There are two audio options, a DTS-HD MA 2.0 stereo track that faithfully presents the original audio recording, and a preferable DTS-HD MA 5.1 mix. While the former is serviceable, the latter really opens things up both in the wooded environments and around the creepy farmhouse location.
English subtitles are provided for anyone in need.
There is a nice selection of bonus features on this disc, starting with two audio commentaries. The first track features Producer Cami Winikoff with Director William Wesley, and the two cover a lot of ground with a stream of production tales both positive and negative. The biggest problem in filming stemmed from the working conditions that come from shooting in a Florida swamp. Enough time has passed for them to laugh off some of the more ridiculous challenges and watching the film again entices Wesley to consider a return to the director’s chair.
The second commentary track is actually a trio of interviews conducted by Red Shirt Pictures’ Michael Felscher, who sits down with Richard Jeffries (29 minutes), Peter Deming (19 minutes) and composer Terry Plumeri (25 minutes). All three separate pieces are highly informative and entertaining, though not scene-specific.

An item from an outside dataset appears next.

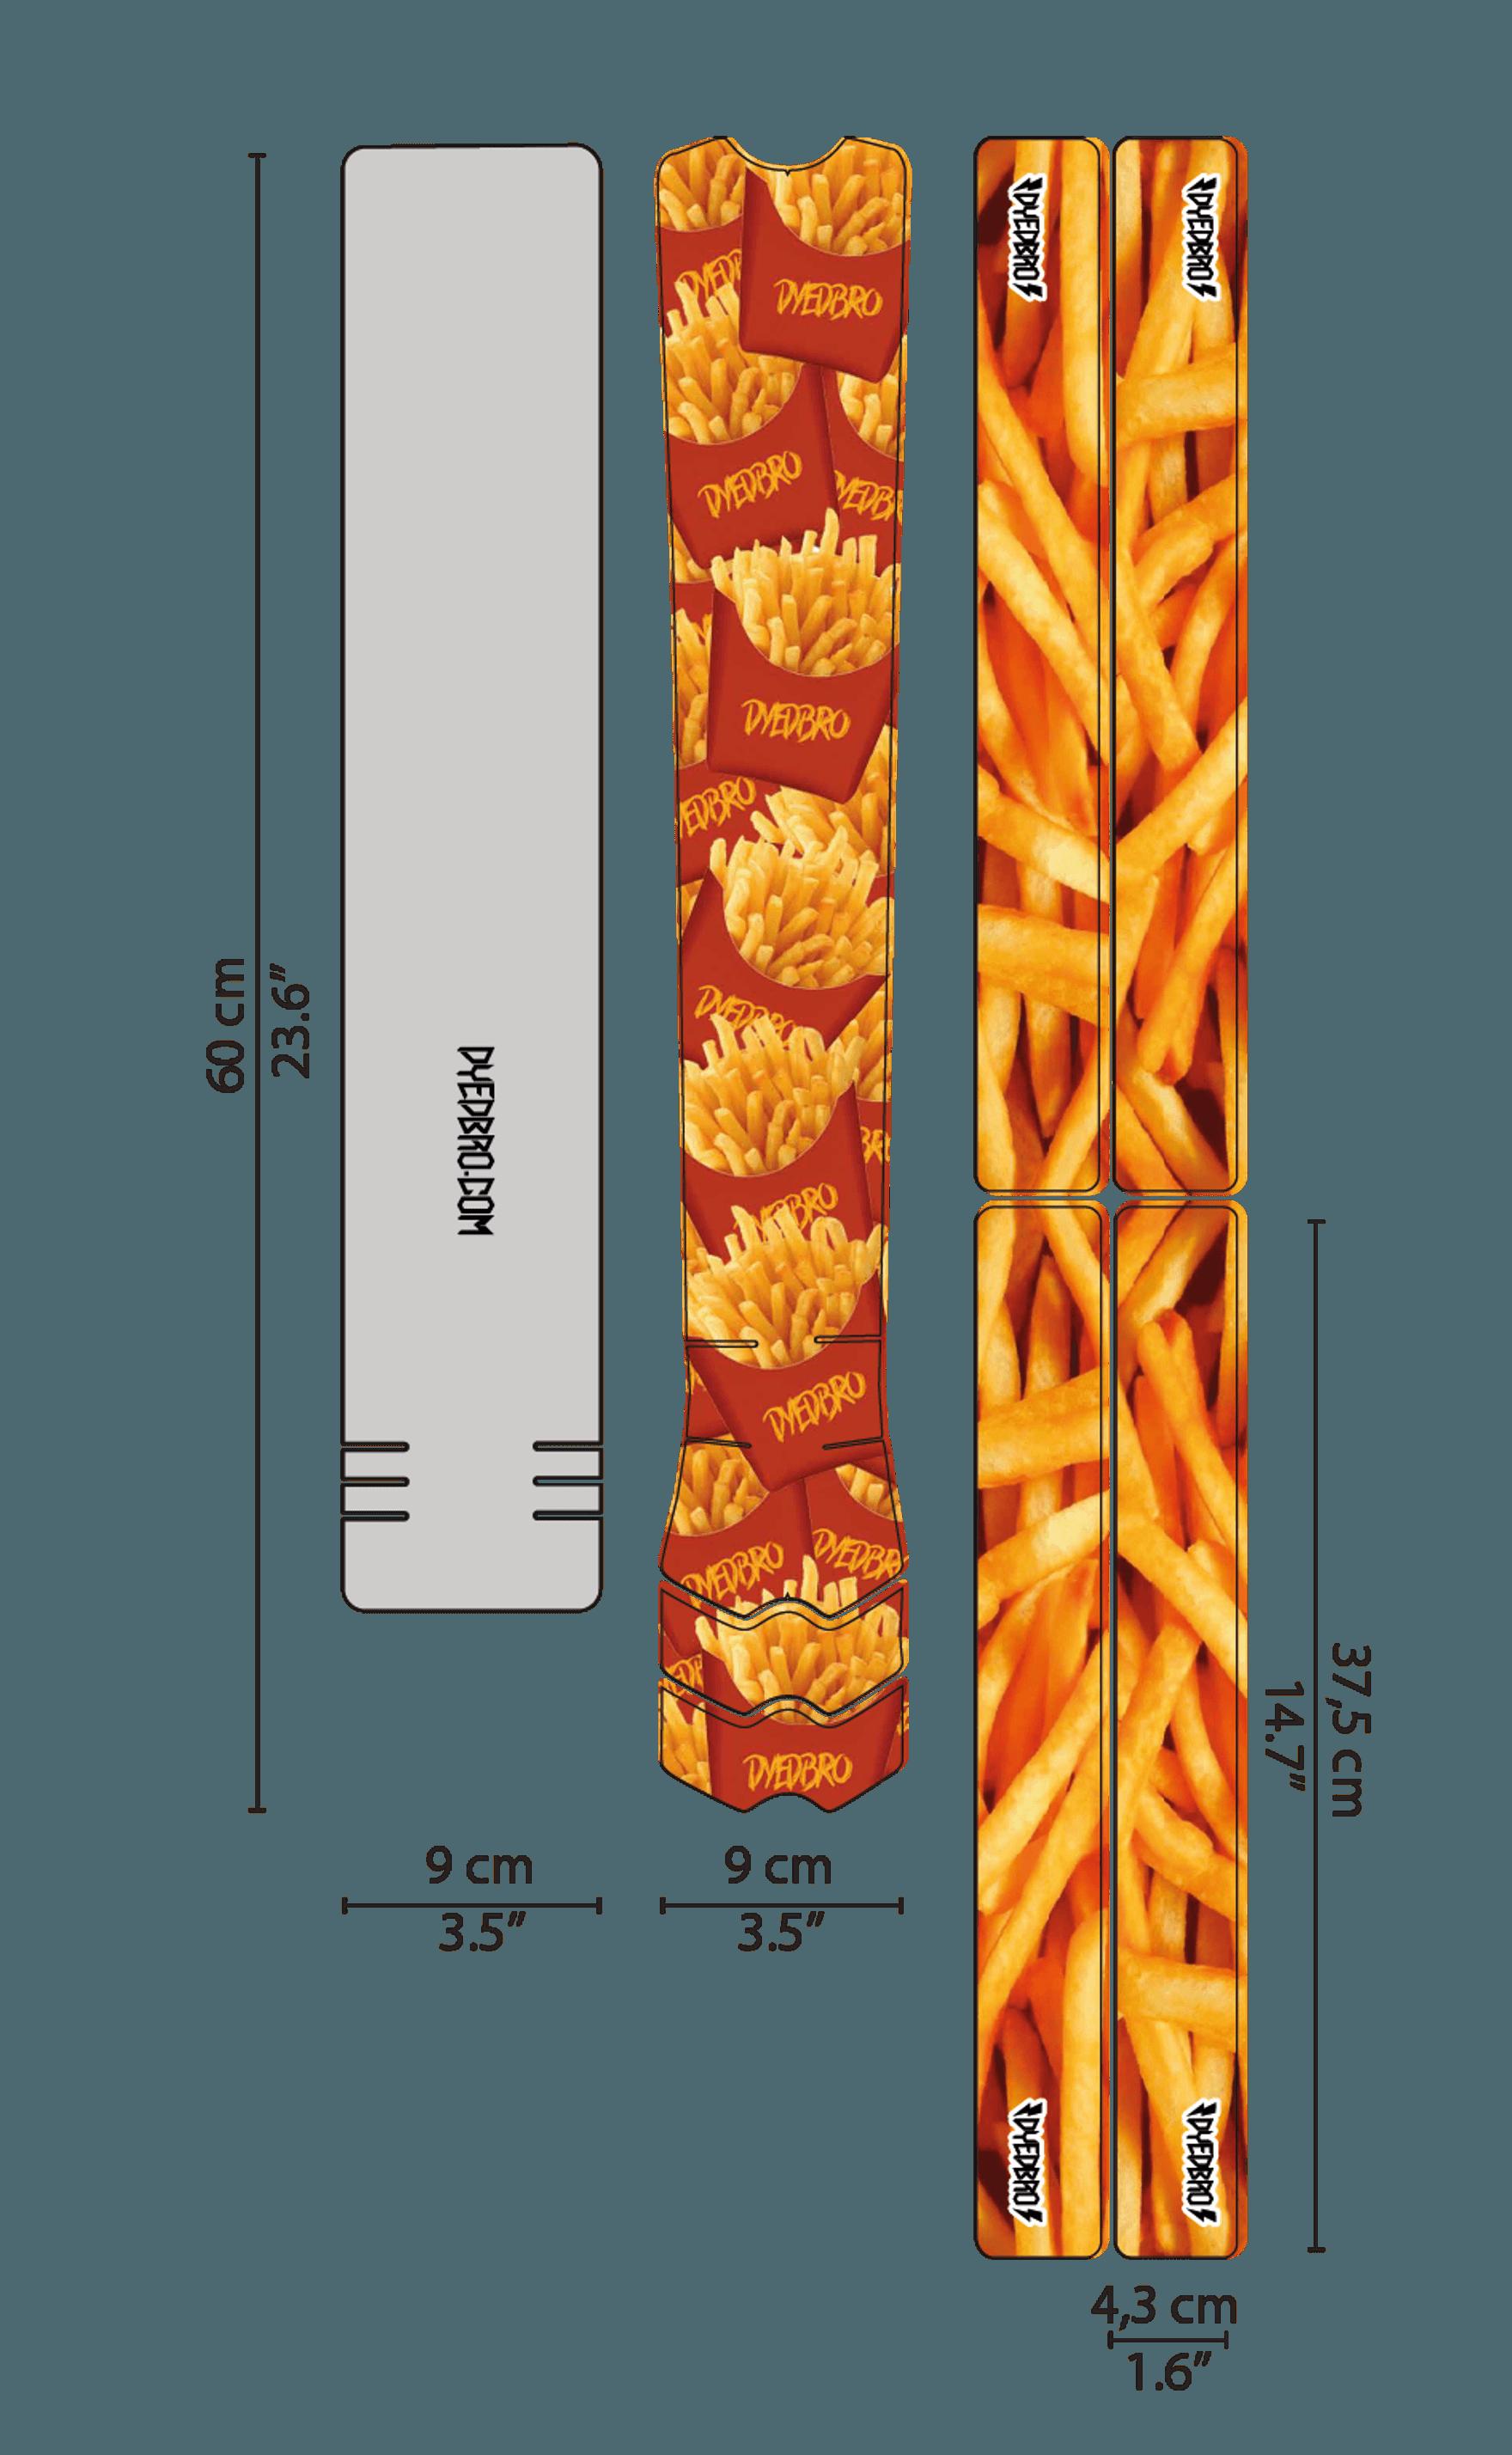 DYE Dbro French Fries 5

Make-up artist Norman Cabrera discusses his work on this, his first film job, in the excellent featurette The Last Straw (17 minutes). His enthusiasm for this project all these years later is endearing and Cabrera is instantly likeable as he reflects on how he got this gig, what the challenges were and the career he has enjoyed since.
Lead actor and executive producer Ted Vernon is more than happy to share his memories of this film in the segment Cornfield Commando (9 minutes). He discusses how he got involved with the picture, working with Wesley, and his beloved dog that appears in the movie with him.
An extensive storyboard slideshow (4 minutes) plays over music from the soundtrack and offers a look at some of the prep work that went into making Scarecrows.
A photo gallery (62 images) provides a look at the making of the film through a series of promotional shots featuring both monsters and victims.
The original theatrical trailer completes the special features on this disc.